:: DATA PROVIDED ::
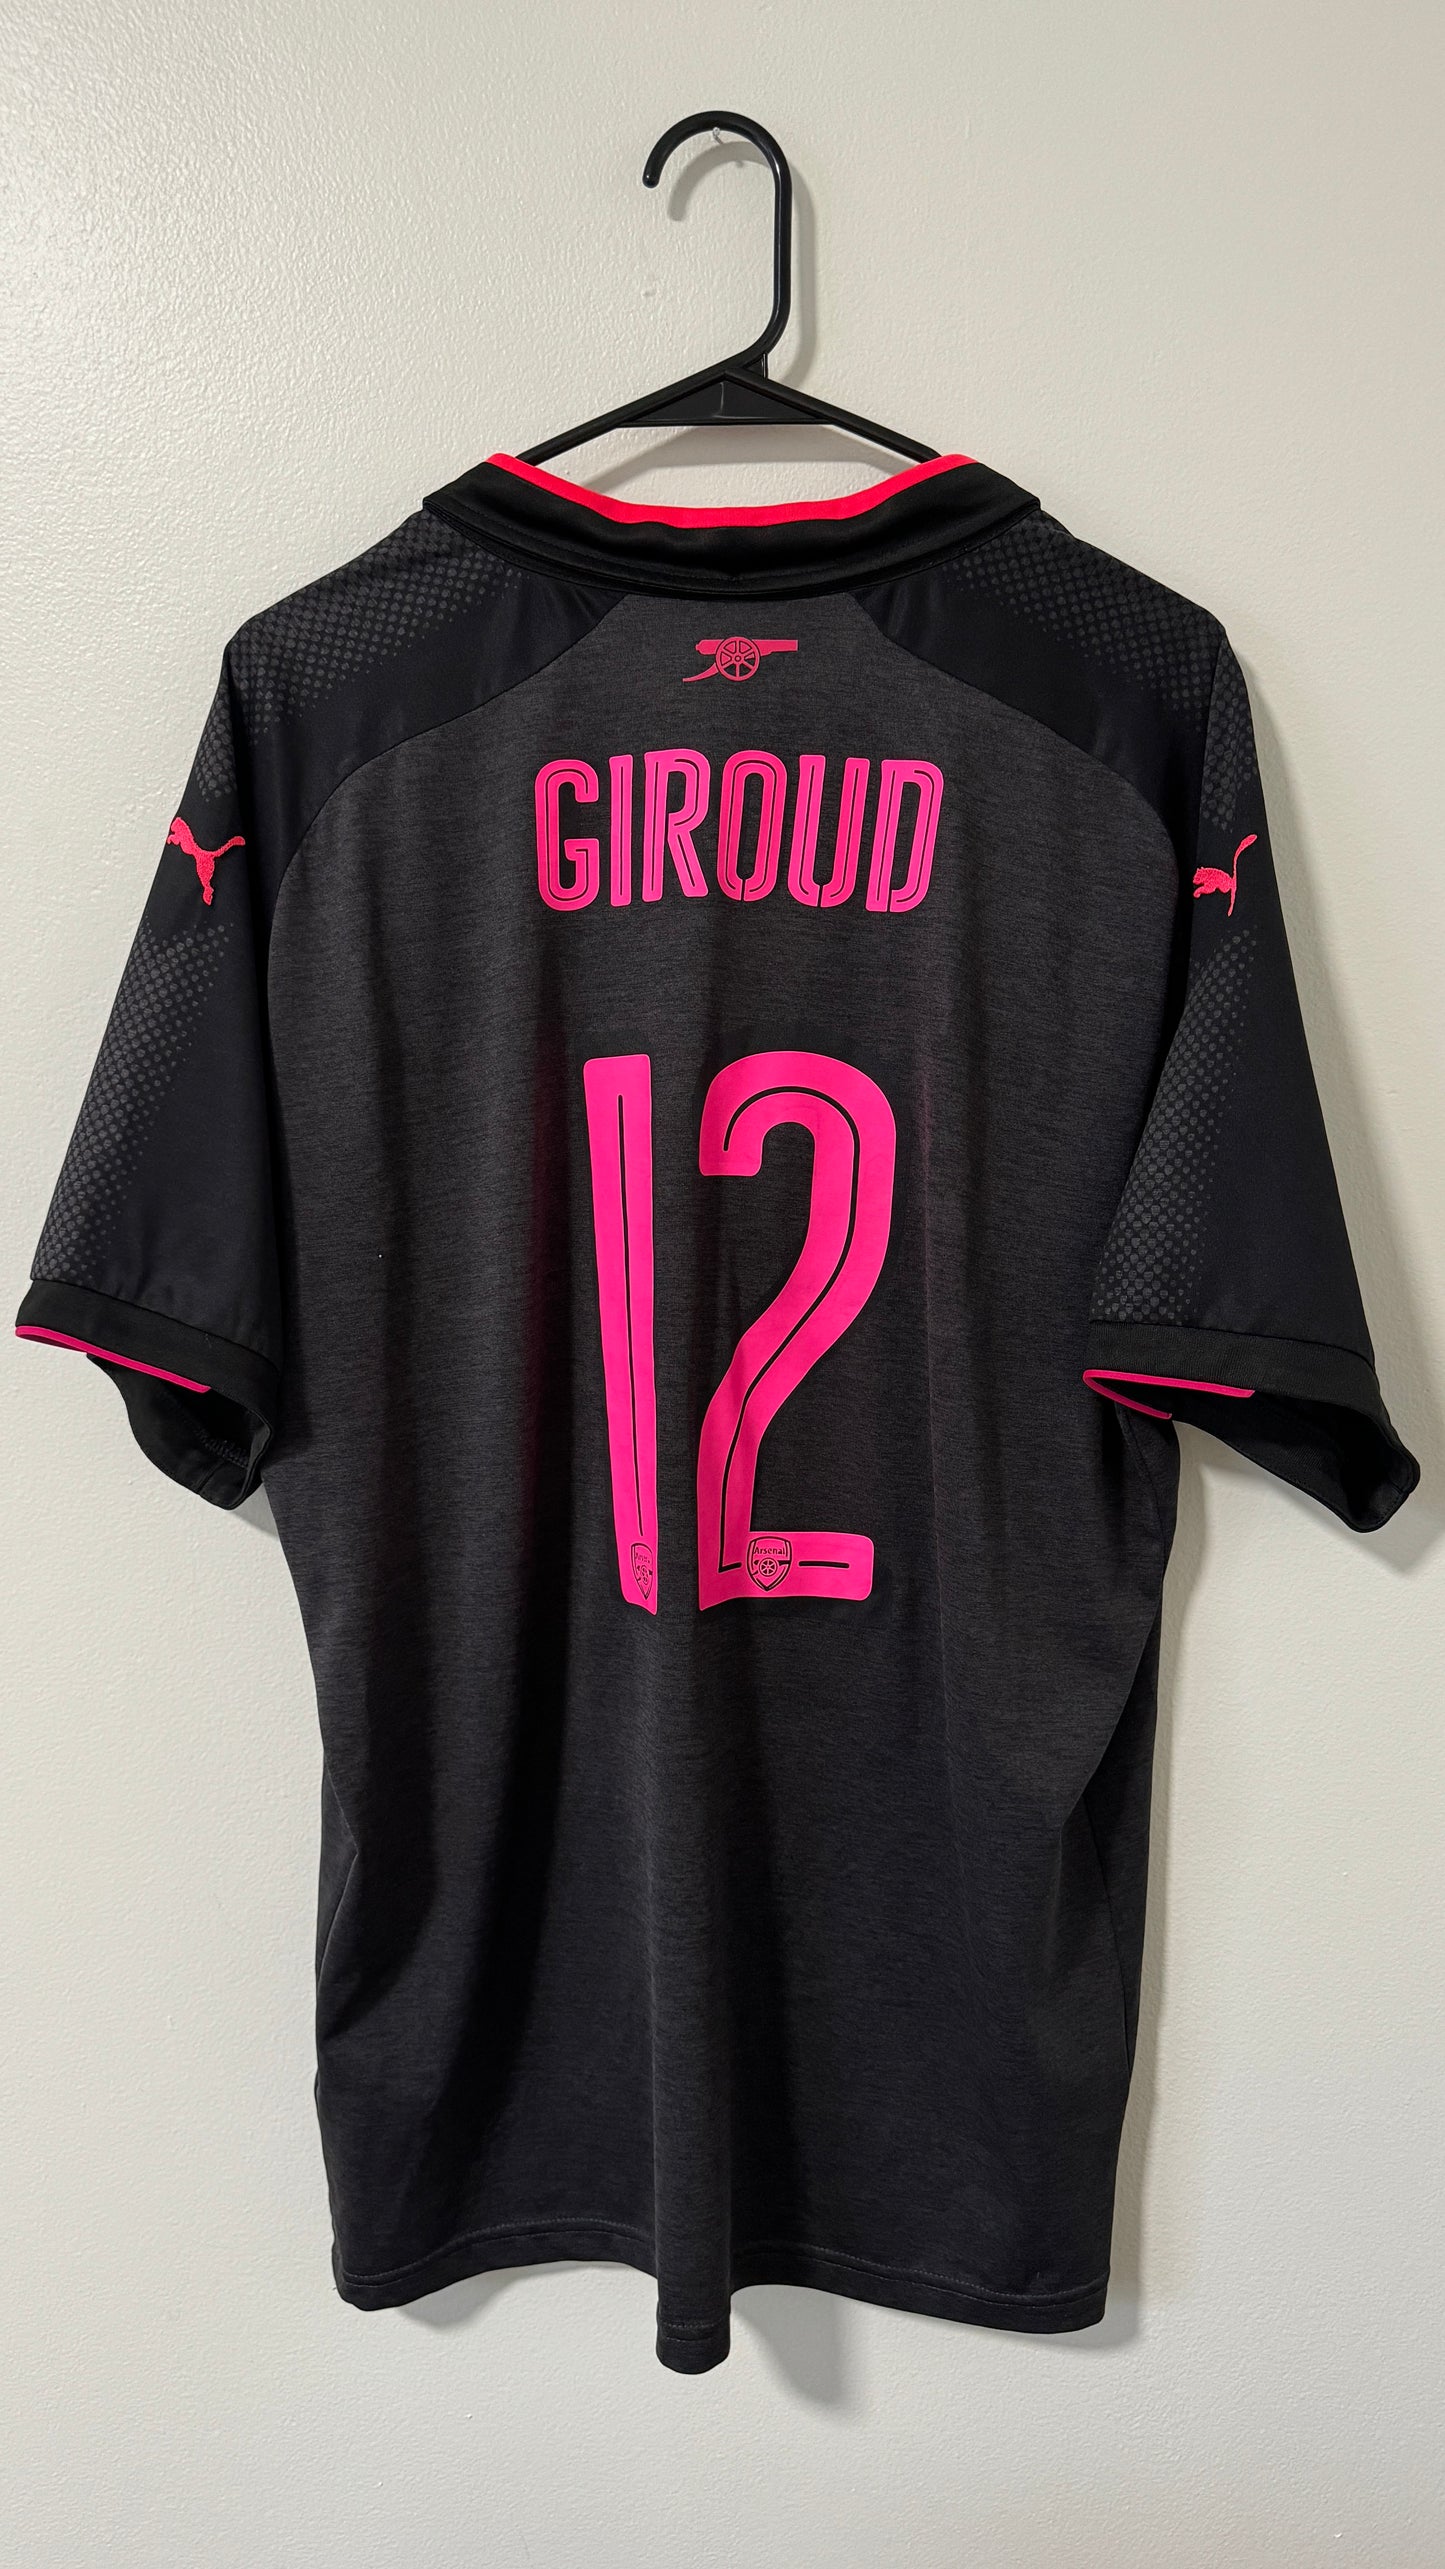 Arsenal Third 2017/18 Giroud #12
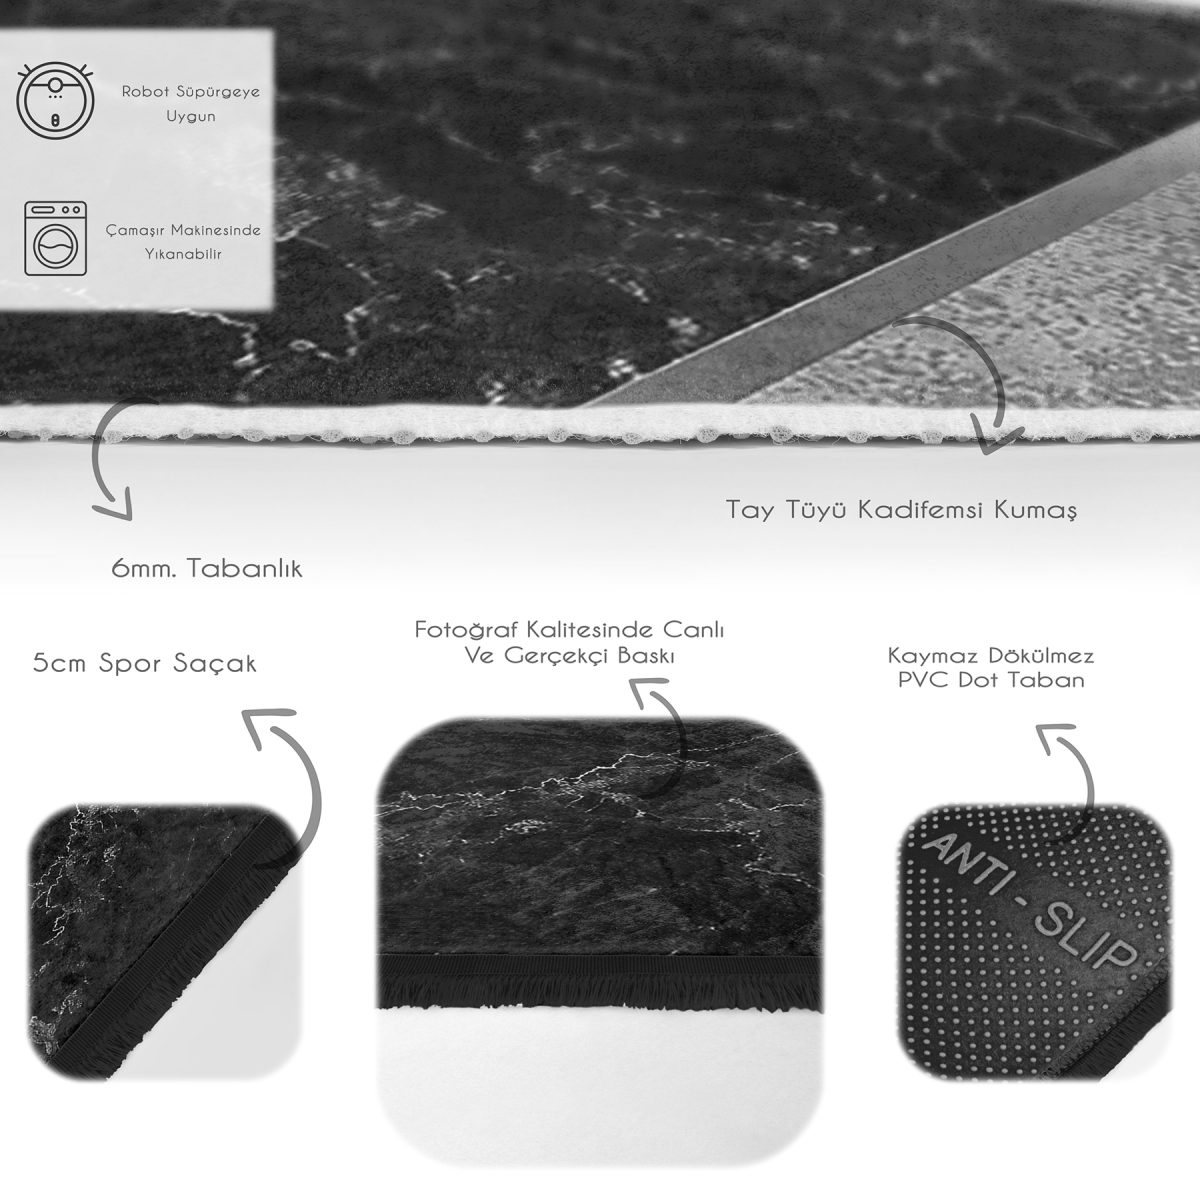 Siyah - Gri Zeminde Mermer Motifli Klasik Desenli Geometrik Sade & Şık Banyo Yatak Odası Dijital Baskılı Makinede Yıkanabilir Kaymaz Taban Saçaklı Halı Realhomes
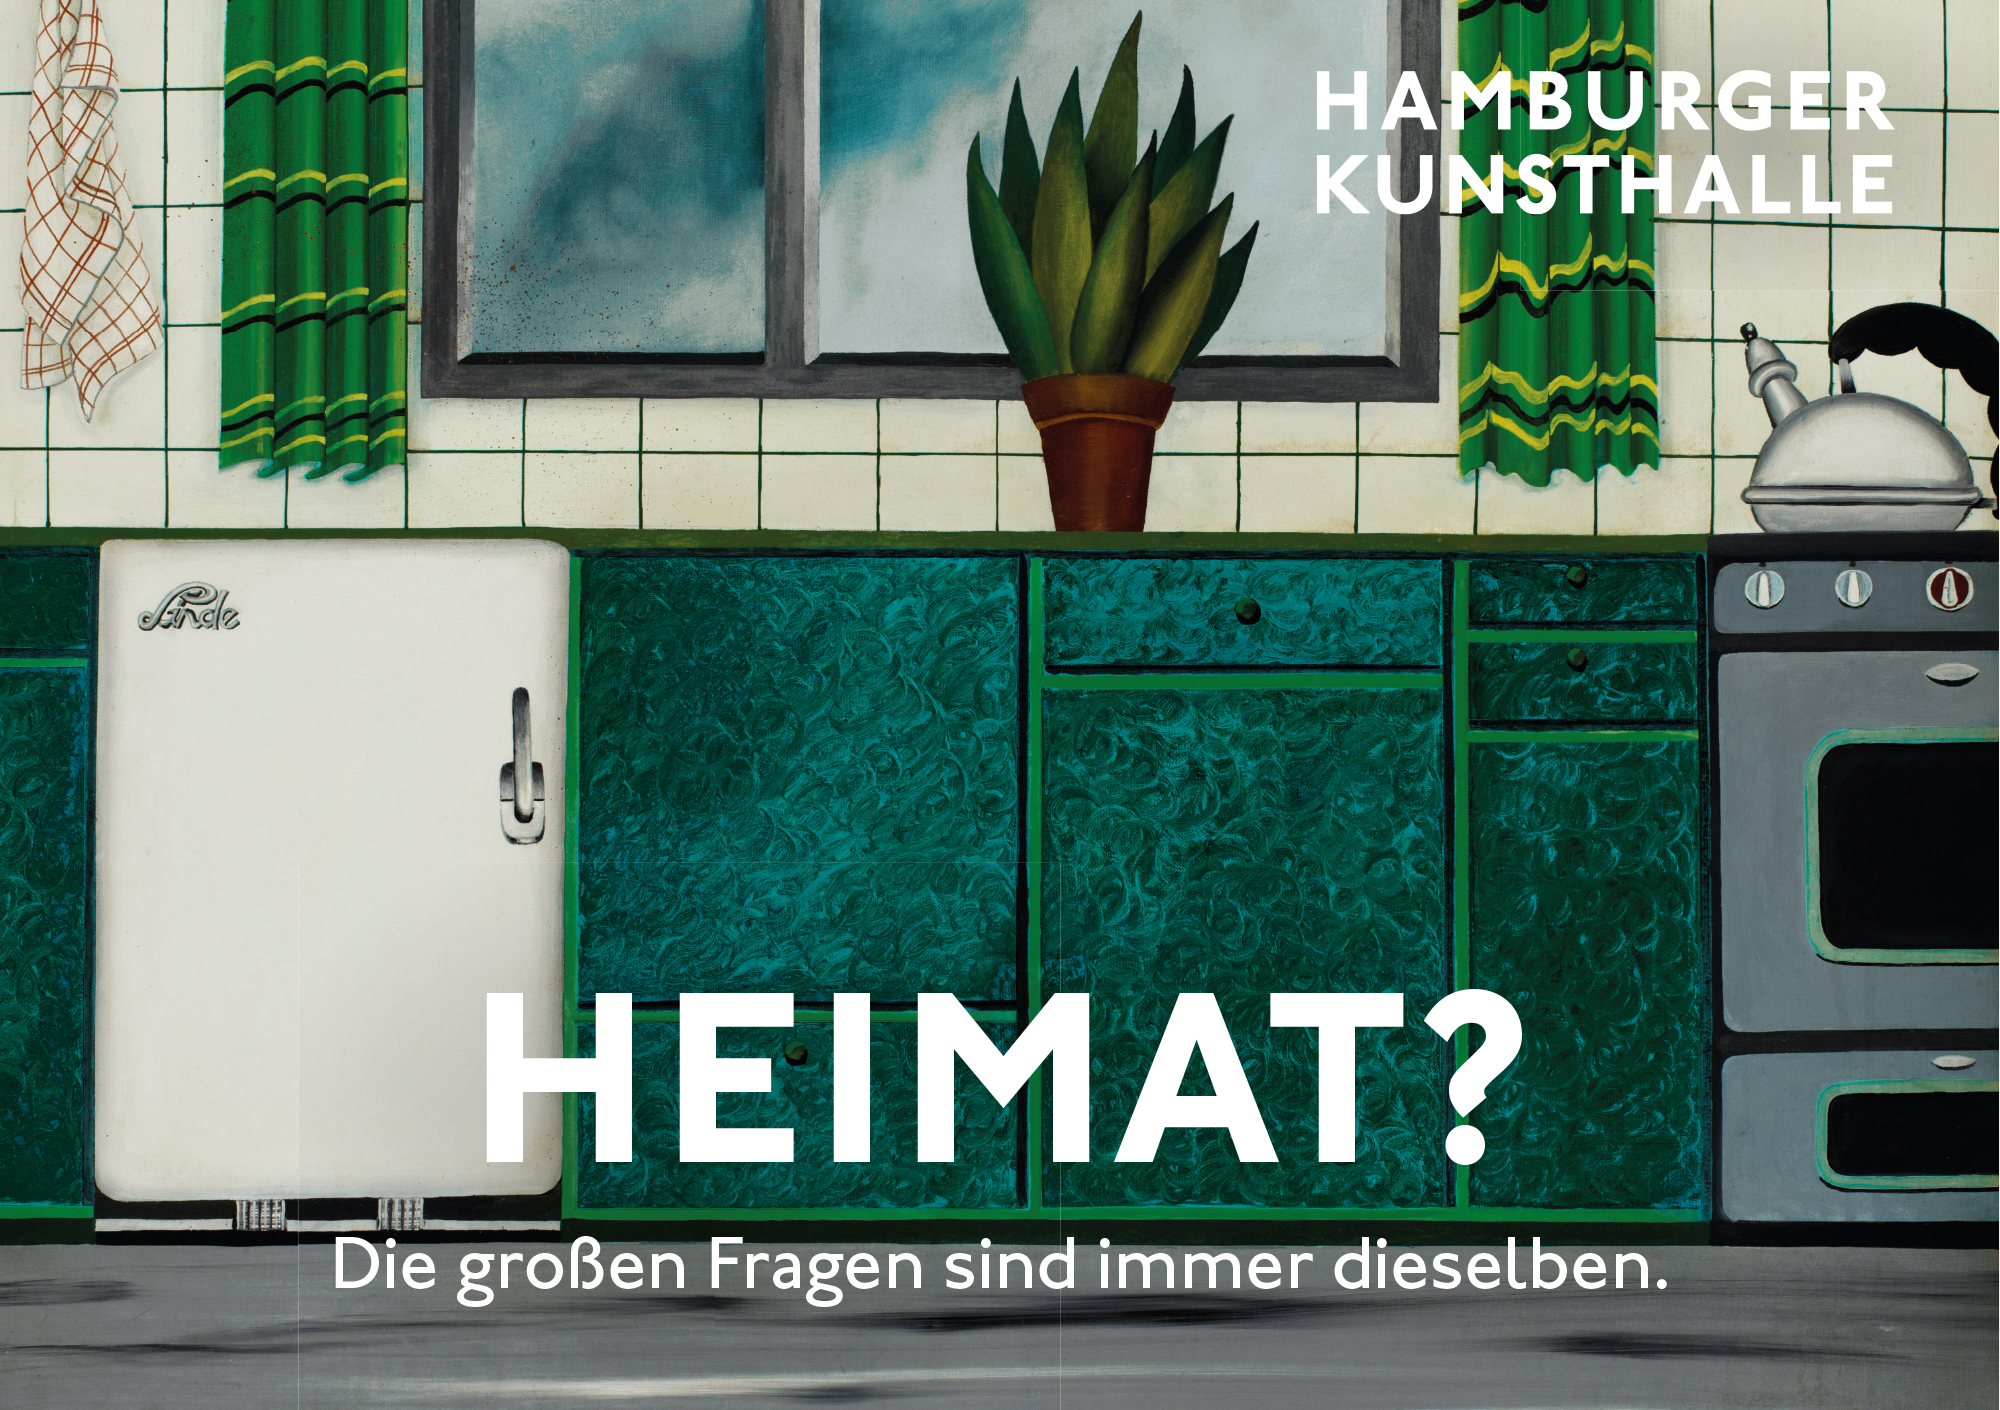 Die Großen Fragen, Heimat, Kampagne der Hamburger Kunsthalle, Entwurf Heine/Lenz/Zizka
:::
EXERCISE: Print the material in full and exactly, minus the pictures.

EXERCISE RESPONSE:
 Arsenal Third 2017/18 Giroud #12
 Siyah - Gri Zeminde Mermer Motifli Klasik Desenli Geometrik Sade & Şık Banyo Yatak Odası Dijital Baskılı Makinede Yıkanabilir Kaymaz Taban Saçaklı Halı Realhomes
 Die Großen Fragen, Heimat, Kampagne der Hamburger Kunsthalle, Entwurf Heine/Lenz/Zizka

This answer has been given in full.